→ DESCRIPTION OF THE TASK: Look below for the line holding "Wobec odmowy Polski" and the line holding "Drink Nightclub Chicagolands". Repeat those two and everything between, exactly.

── RECORDS PROVIDED ──

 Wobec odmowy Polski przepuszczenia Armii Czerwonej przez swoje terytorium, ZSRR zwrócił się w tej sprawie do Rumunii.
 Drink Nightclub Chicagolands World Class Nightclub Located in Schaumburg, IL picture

───
── RECORDS PROVIDED ──

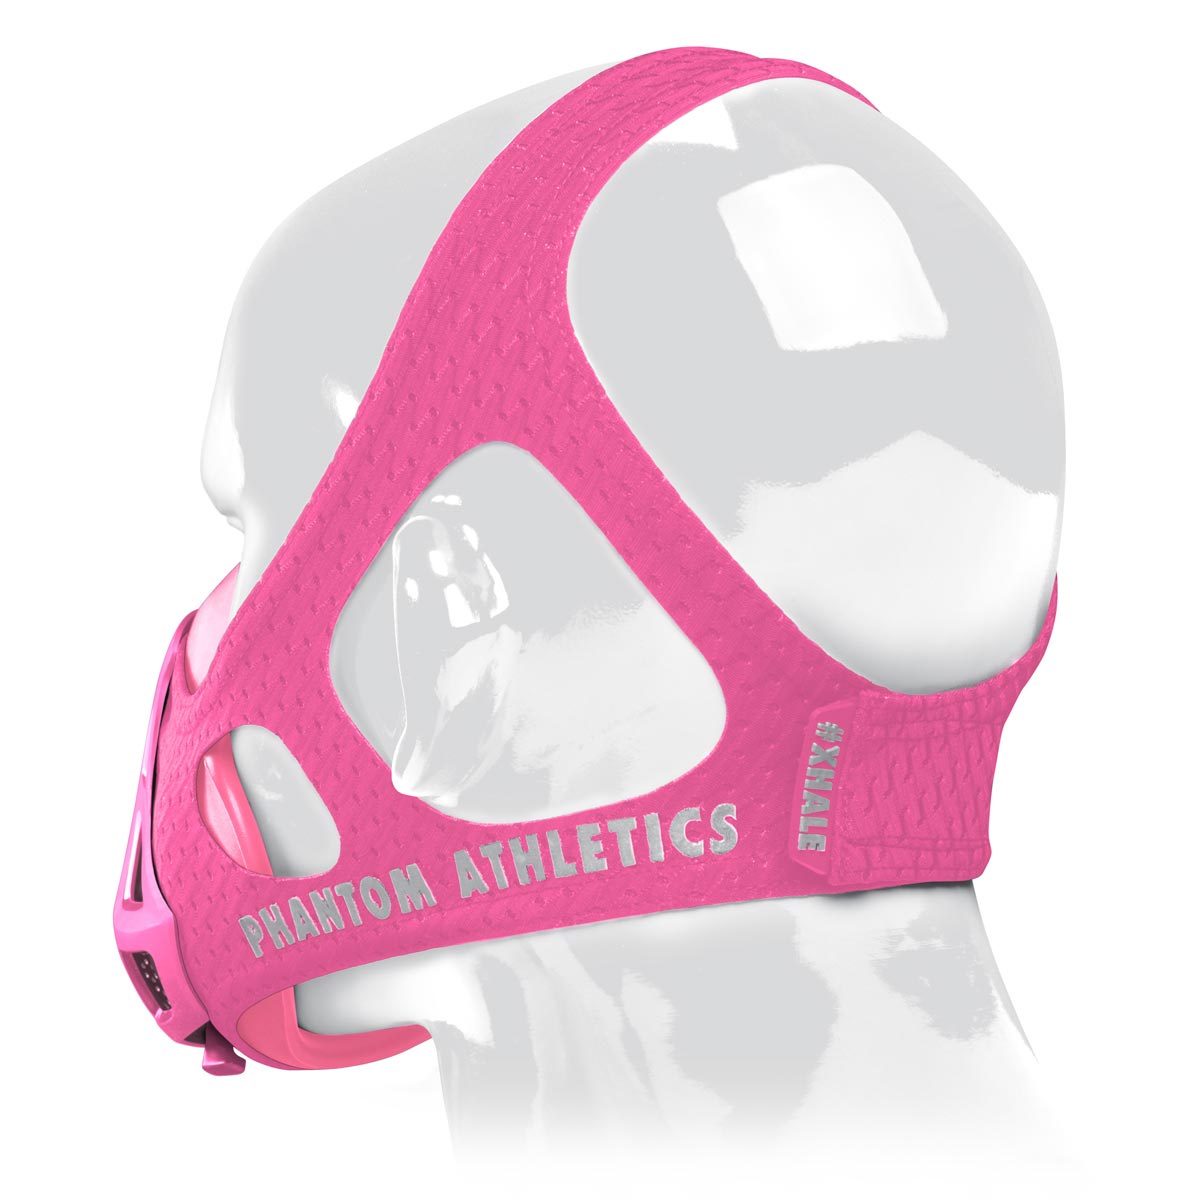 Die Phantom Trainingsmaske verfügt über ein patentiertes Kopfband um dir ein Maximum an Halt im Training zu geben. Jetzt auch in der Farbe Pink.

───

→ SOLUTION TO THIS EXERCISE:
 Wobec odmowy Polski przepuszczenia Armii Czerwonej przez swoje terytorium, ZSRR zwrócił się w tej sprawie do Rumunii.
 Drink Nightclub Chicagolands World Class Nightclub Located in Schaumburg, IL picture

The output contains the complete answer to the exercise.